Finally, the limitations of the CSI arise from the lack of agreement about the definition of CS. While some authors consider it as a clinical picture, a diagnosis or a set of changes in the central nervous system, others advocate to reserve the term CS for the neurophysiological phenomenon related to its discovery [8,14,40,44]. To accurately measure a specific construct, it should be well defined and delimited [25].
Regarding the CSI-CC, the goal was to explore the extent to which the CSI cluster classification correlates with patient-reported outcomes [19]. In this study of BCS, for both VAS score and WPI, the low cluster statistically differed from the medium and high cluster, but the medium and high groups did not differ from each other. For the EORTC Global health status score, all clusters statistically differed from each other. Along with the trends observed on boxplots (see Supplementary File S1), the CSI-CC might be a useful tool to have a patient’s overall condition snapshot. Our results warrant further investigation in other samples. Moreover, studies evaluating the responsiveness and measurement error of the CSI in BCS and other cancer survivor populations would be beneficial.

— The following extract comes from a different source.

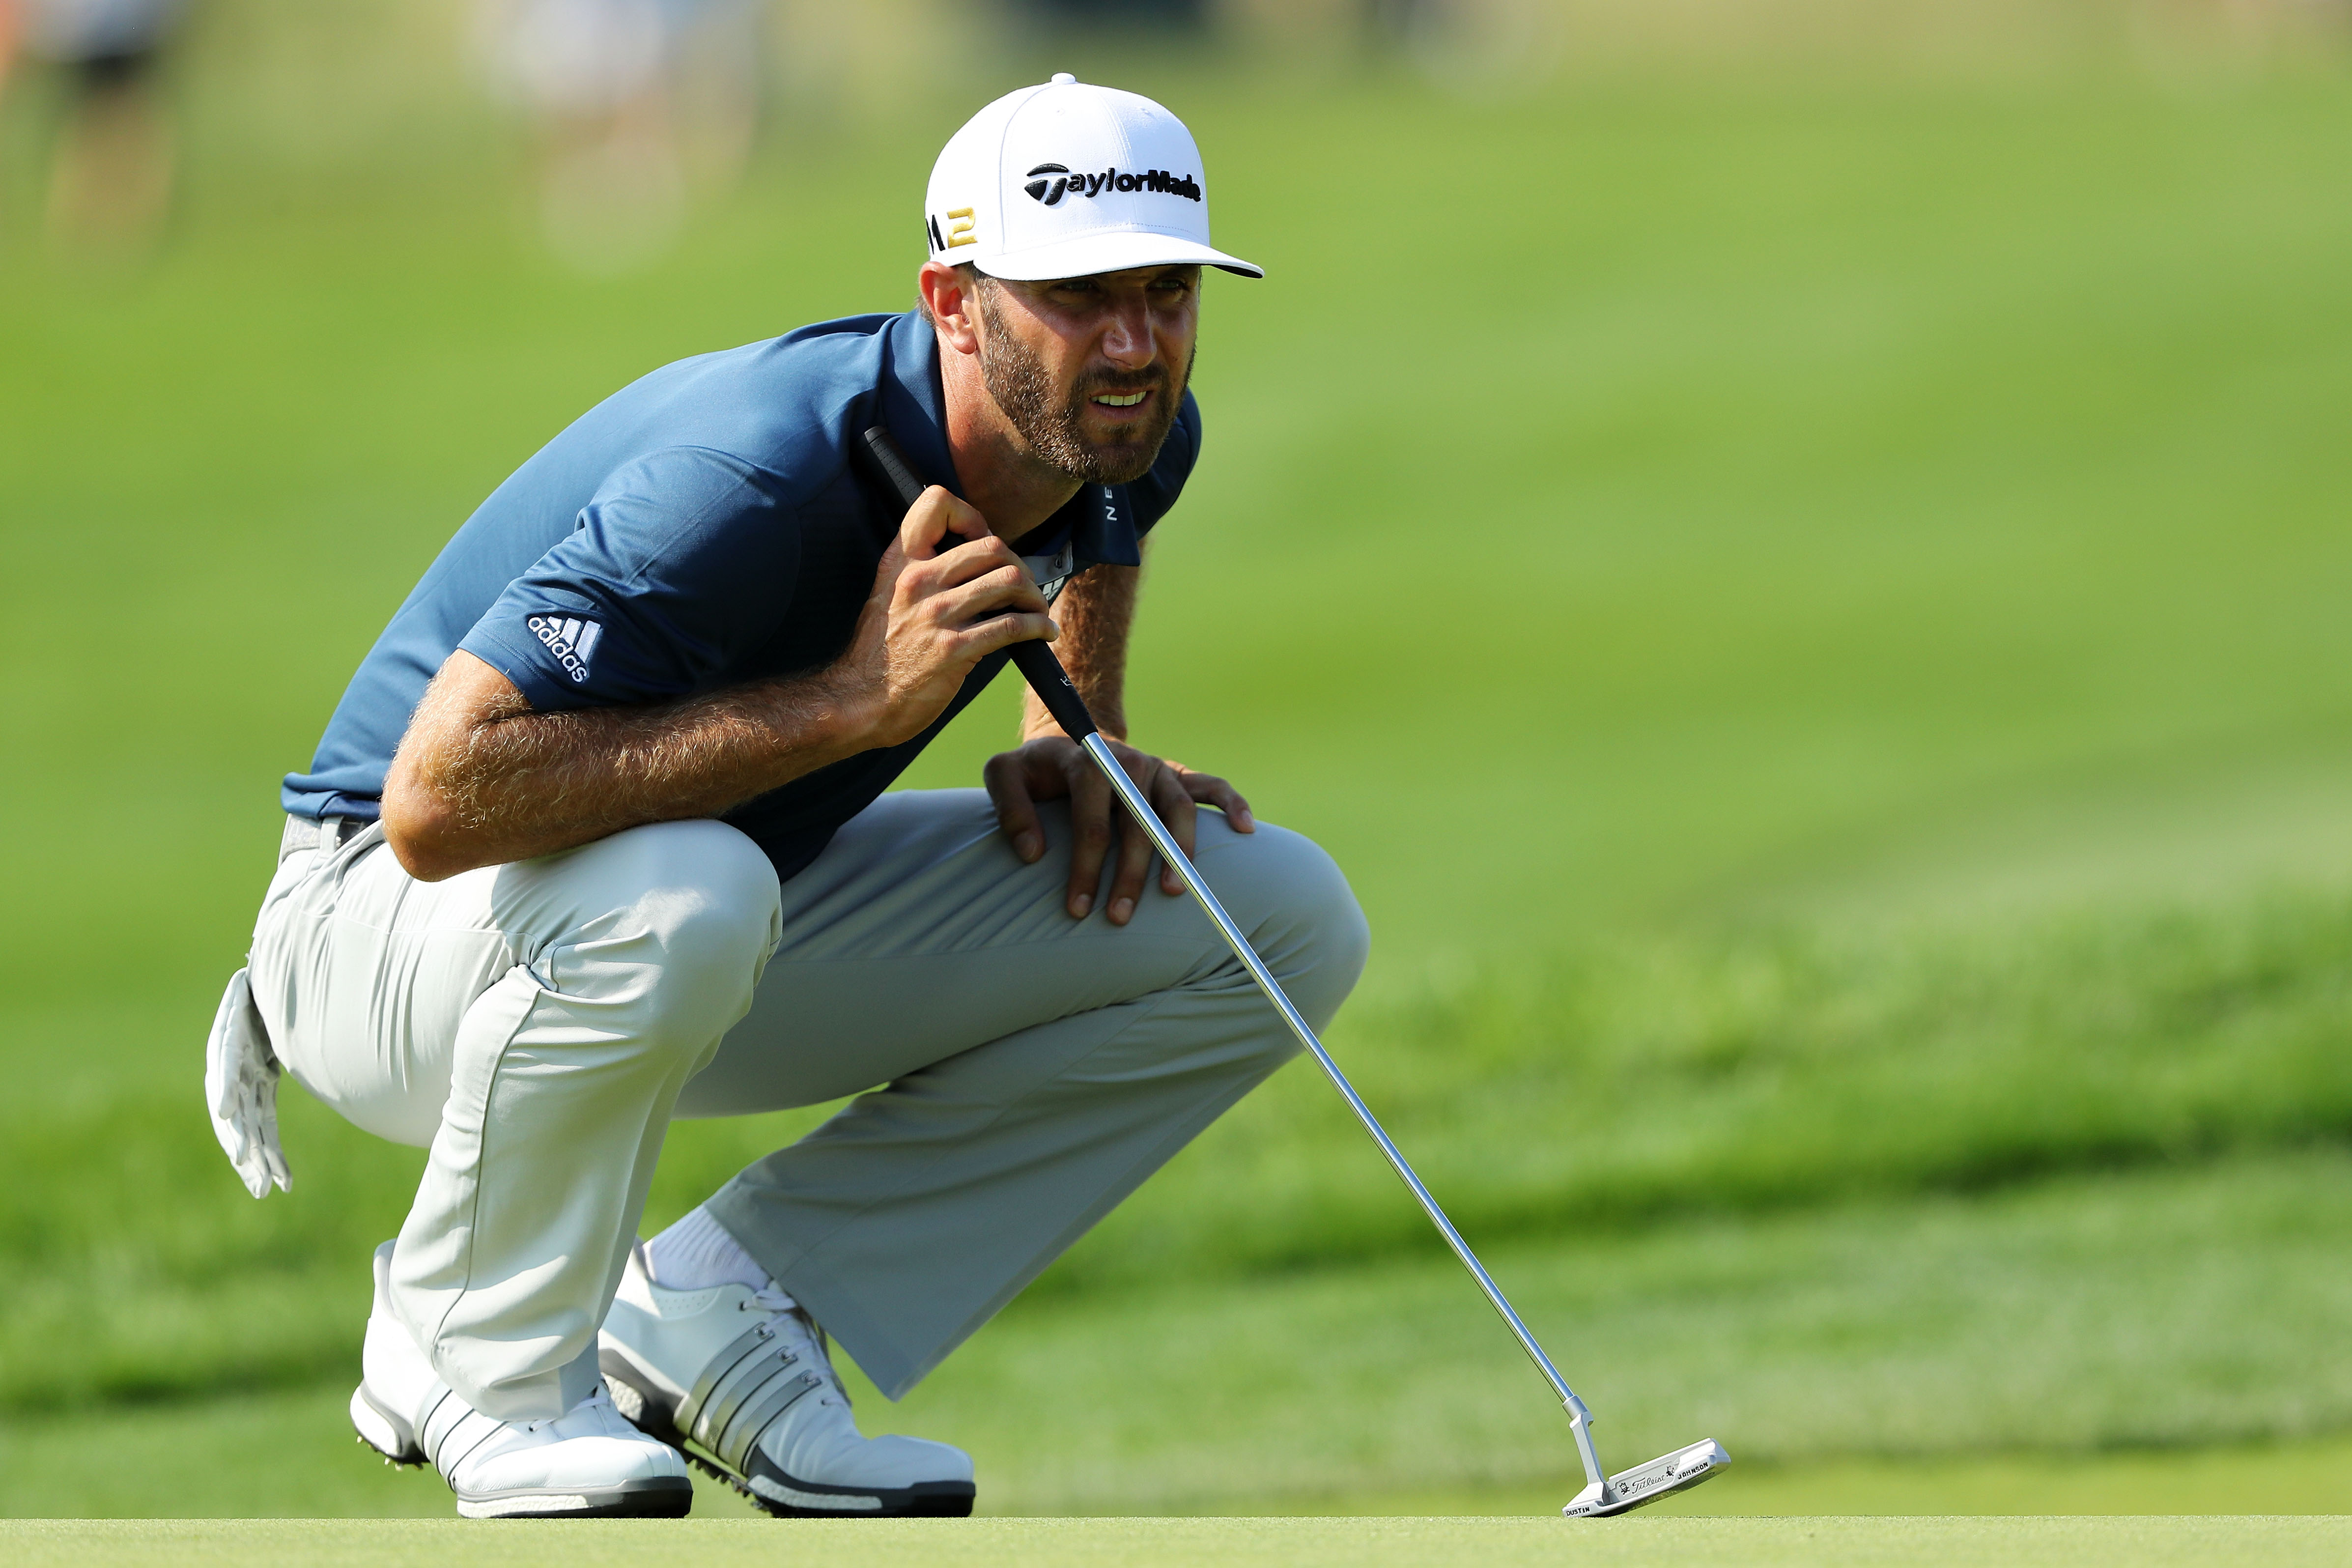 WATCH Dustin Johnson Touches Ball With Putter 5th Green

Study Limitations and Strengths

The small sample size and the broad definition of CS were the main limitations of the study. Another limitation was that the CSI-9 answers were extracted from the CSI, which might have impacted CSI-9 scores. Study strengths include using COSMIN guidelines to validate this tool. Additionally, the CSI was evaluated in clinical setting during regular rehabilitation in several private practices. Furthermore, the use of validated and widely used measures along with adequate statistical tools are important study strengths.

5. Conclusions

In summary, the study findings support the internal consistency and convergent validity of the CSI in BCS, and the internal consistency and convergent validity of the CSI-9 in BCS. This study, therefore, complements the already existing body of evidence for the validity and reliability of the CSI in cancer and non-cancer chronic pain populations, which underlines the use of this self-reported instrument to have a BCS’ CS-related condition overview. However, the CSI responsiveness and interpretability should also be investigated in order to use it as a follow-up tool. The CSI-9 is still in its early validation phase and should be further evaluated, as well as compared to the CSI, especially with regards to structural validity and content validity.

Supplementary Materials

The following are available online at https://www.mdpi.com/article/10.3390/clinpract11030076/s1, File S1: Boxplot description of CSI clusters.

Author Contributions

Conceptualization, A.H., J.N.-T.S., P.S., E.R., A.L., L.L., J.K., E.S. and J.N.; Data curation, A.H., J.N.-T.S. and P.S.; Formal analysis, A.H. and L.S.; Investigation, J.N.-T.S. and P.S.; Methodology, A.H., J.N.-T.S., P.S., E.R., A.L., L.L., L.S., J.K. and J.N.; Resources, J.N.-T.S., P.S., L.S., J.K. and J.N.; Supervision, J.K., E.S. and J.N.; Validation, E.R., A.L., L.L., L.S., J.K., E.S. and J.N.; Visualization, A.H.; Writing—original draft, A.H.; Writing—review & editing, A.H., J.N.-T.S., P.S., E.R., A.L., L.L., L.S., J.K., E.S. and J.N. All authors have read and agreed to the published version of the manuscript.

Funding

Astrid Lahousse (grant number 11B1920N) is a research fellow funded by the Research Foundation Flanders (FWO), Belgium. E.R. is funded by Stand Up To Cancer (Kom op tegen Kanker—KOTK), a Belgian cancer charity (project code ANI251). Laurence Leysen is a postdoctoral research fellow appointed on 2 funded projects, one by the Research Foundation Flanders (FWO) (grant number G040919N) and one by Stand up to Cancer (Kom op tegen Kanker (KOTK)—project code ANI251). Jo Nijs is holder of a Chair in oncological rehabilitation funded by the Berekuyl Academy, the Netherlands.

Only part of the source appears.